Conscients de la lourde responsabilité qui nous incombe, nous hospitalo-universitaires avons jugé que notre premier devoir est de lancer cet appel à l’ensemble du corps médical pour l’inciter à faire preuve d’une conduite exemplaire et d’une rigueur morale à la mesure de la noblesse de la profession médicale.

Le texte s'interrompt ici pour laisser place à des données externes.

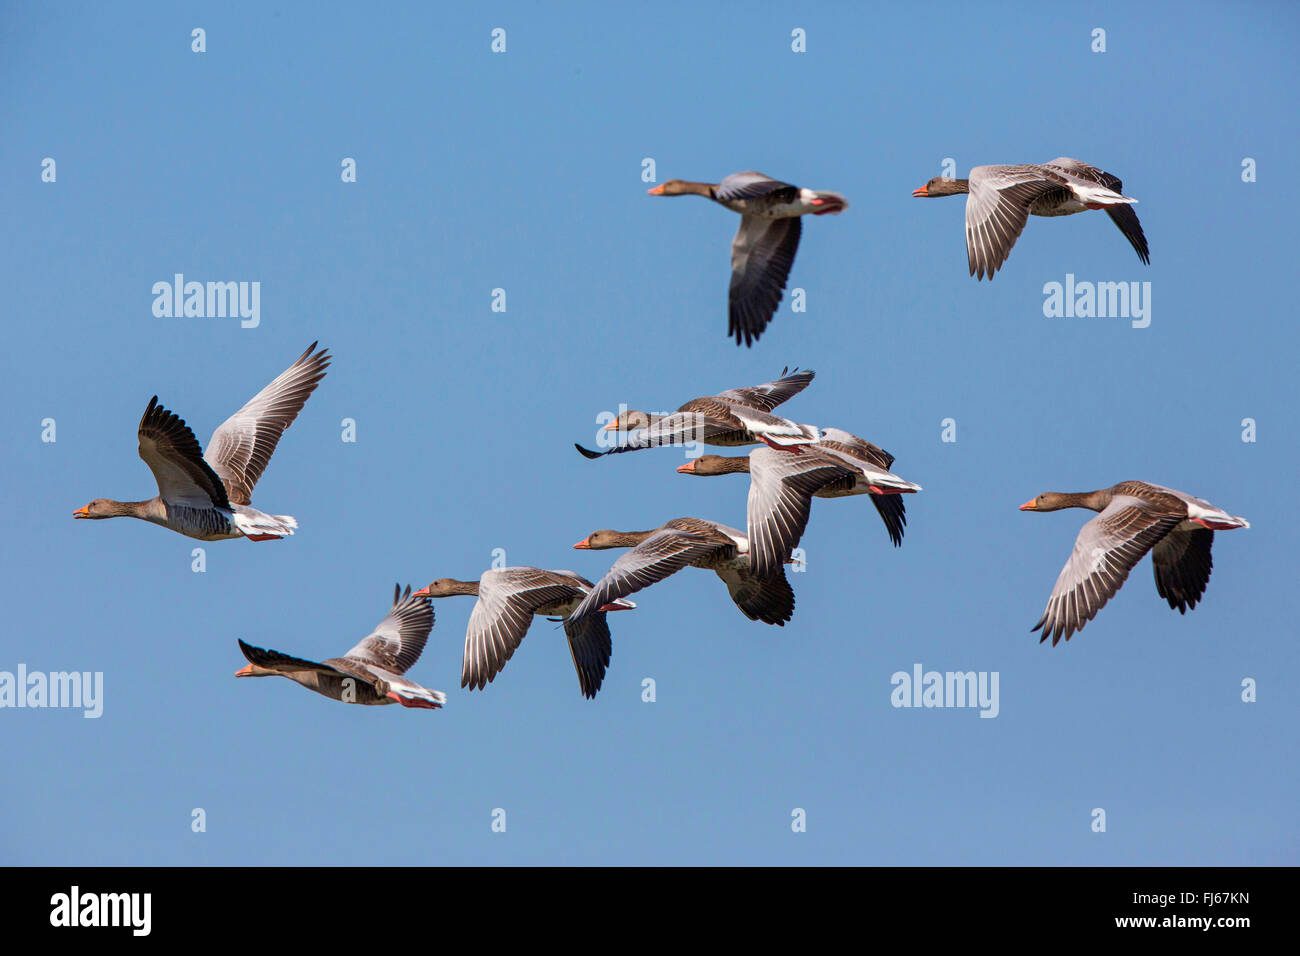 greylag goose (Anser anser), flying flock, Germany, Bavaria Stock Photo

La préoccupation de l’hospitalo-universitaire que nous sommes est de former un corps médical efficace et adapté aux besoins de l’économie du pays, si nous en croyons nos confrères officinaux, industriels, hospitaliers et biologistes. Ce qui justifie et rend obligatoire la formation du pharmacien industriel dans nos facultés de médecine.

- Actuellement en Algérie, l’industrie pharmaceutique en absence d’une pharmacie industrielle se suffit à faire soit :
- des simples formulations et la plupart du temps d’une façon empirique.
- des fabrications sous licence avec tout ce que cela comporte comme retard au niveau de la connaissance de matières premières et des procédés de fabrication.

- quand au contrôle, il se fait généralement selon des méthodes et des techniques données par les différentes pharmacopées étrangères. Par contre, dans les pays industrialisés, l’industrie pharmaceutique fonctionne autrement, plusieurs départements s’occupent de tâches différentes, où l’on distingue :

- la recherche des molécules nouvelles ;
- la mise au point de nouvelles formes pharmaceutiques ;
- la mise au point de nouveaux procédés de fabrication et de contrôle avec des systèmes de modélisation et d’optimisation ;
- l’introduction du génie pharmaceutique pour sortir de l’empirisme ;
- l’actualisation permanente des pharmacopées des nouvelles éditions ;
- une organisation est due au contact continu entre la faculté de médecine et l’industrie pharmaceutique pour élaborer de nouvelles molécules actives et de nouvelles matières premières rentrant dans la composition de médicaments.

En pratique, la chimie thérapeutique se consomme comme un mariage d’amour entre prescripteur et laboratoires.
Au risque de déplaire au partisans de la monogamie, je souhaiterais que la faculté de médecine participe à ce bonheur et que les témoins de ce nouveau mariage tripartite (prescripteur, faculté de médecine et laboratoires) soient le département de Hasbellaoui et le conseil de déontologie médicale, bien que la chimie thérapeutique soit loin d’être une religion, mais nous sommes condamnés à vivre avec elle.